In today’s superhero movies there’s no such thing as a finite ending. Everything feeds into a sequel, spin-off or remake within Marvel and DC’s larger cinematic universes. Superhero franchises have become giant movie making machines where endings become teases for the next installment. But the one outlier of that cyclical trend was Christopher Nolan’s The Dark Knight trilogy, which began before Marvel dominated movie screens.

The end of The Dark Knight Rises finds the city of Gotham honoring the fallen Batman as Alfred (Michael Caine) spots Christian Bale’s Bruce Wayne alive and well in Europe and Joseph Gordon-Levitt’s John Blake discovers the Batcave. It’s an ending that hints Gordon-Levitt’s detective will take up the identity of the Caped Crusader.

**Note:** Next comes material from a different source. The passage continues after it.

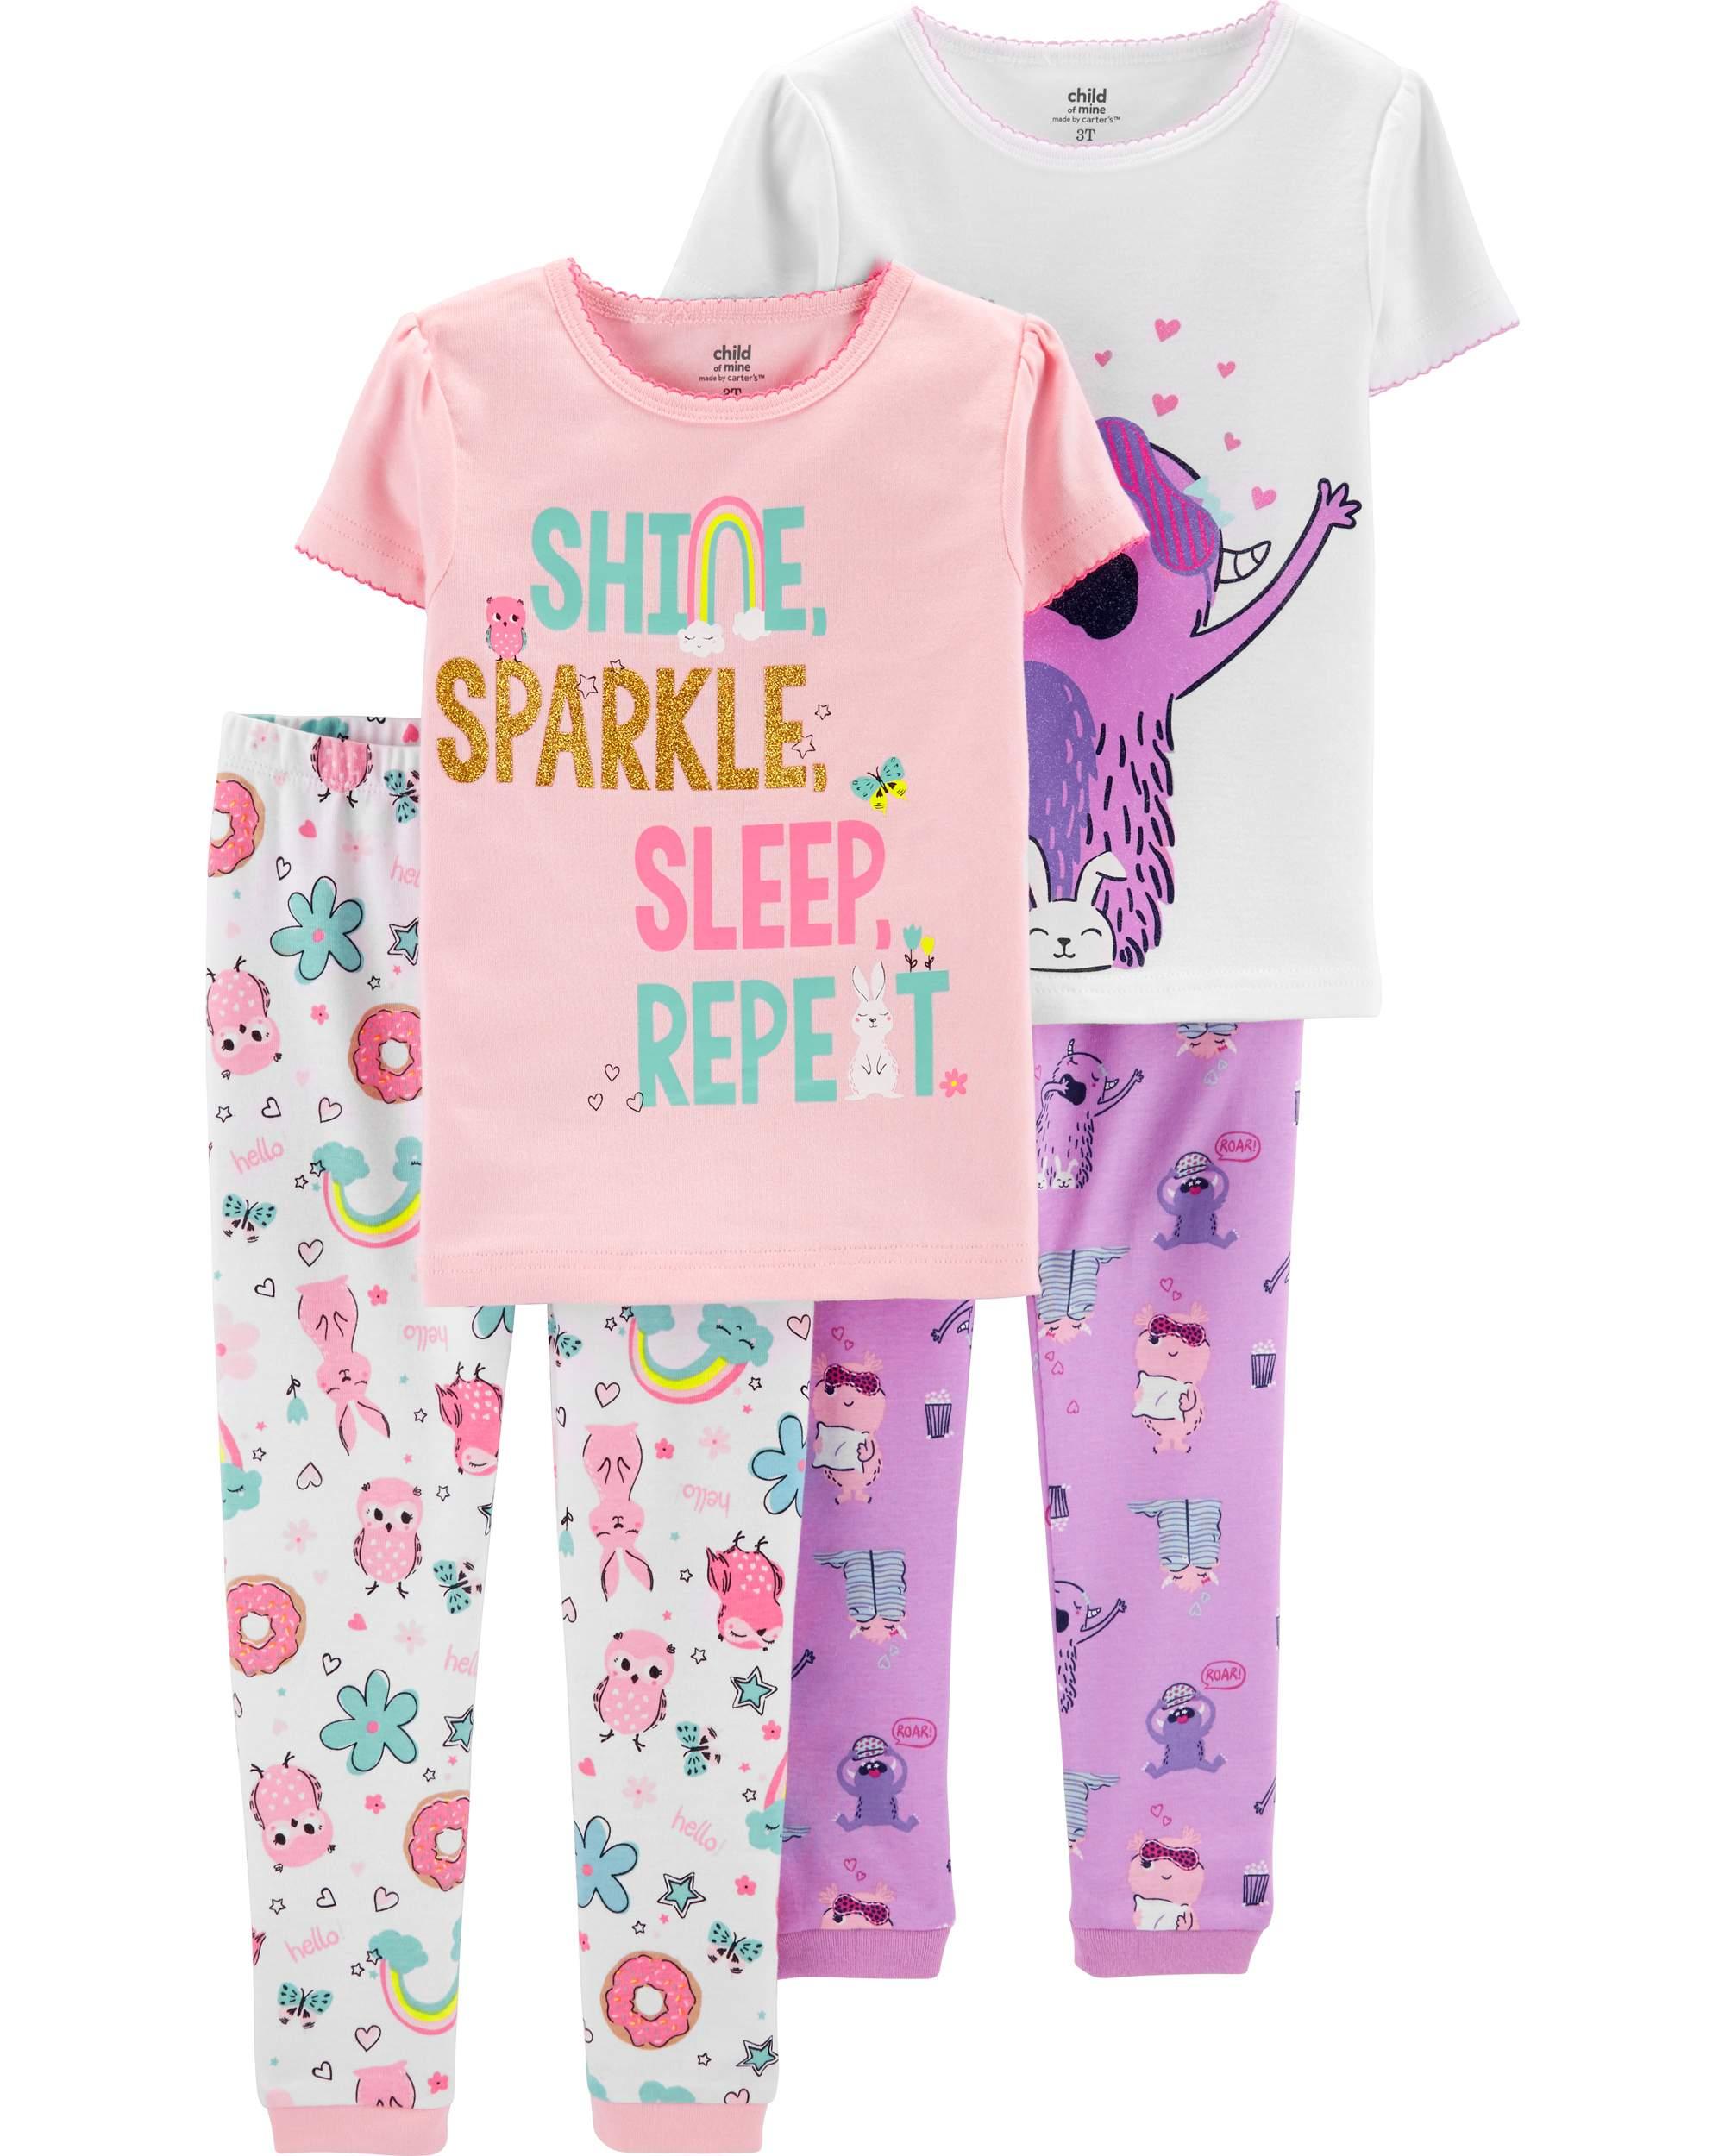 Short Sleeve Cotton Tight Fit Pajamas, 4pc Set (baby girls)

While recently talking to CinemaBlend about his upcoming film Snowden, Gordon-Levitt looked back on his role in The Dark Knight Rises and how it was the perfect completion to Nolan’s trilogy:

I know we’re all used to the sort of Marvel movies, which are just kind of endless series. They don’t really have a beginning, middle, and end. But I think Nolan very much thought of that movie as a conclusion, and there’s a theme that runs through all three of those movies that begins in the first movie, runs through the second movie and it concludes in that moment where he says that Batman is more than a man, Batman is a symbol. And so to have another man other than Bruce Wayne kind of becoming Batman at the end of that trilogy, I think that’s the perfect ending to that story.

It’s hard to argue with him. It’s an ending that feels almost foreign in the landscape of current superhero franchises, and Gordon-Levitt’s reading of it also highlights what makes the trilogy such a special anomaly.  All criticisms aside, those movies gave us one complete story that found a hero hanging up the cape for the next vigilante to take over. It closed one chapter to hint at another, but the best part is we’ll never get to see that chapter. Gordon-Levitt will likely never put on the Batsuit (but hey, anything is possible in our reboot era), but it’s kind of awesome to think that somewhere out there he’s defending Gotham while Bale’s Wayne is sipping a coffee in an Italian cafe.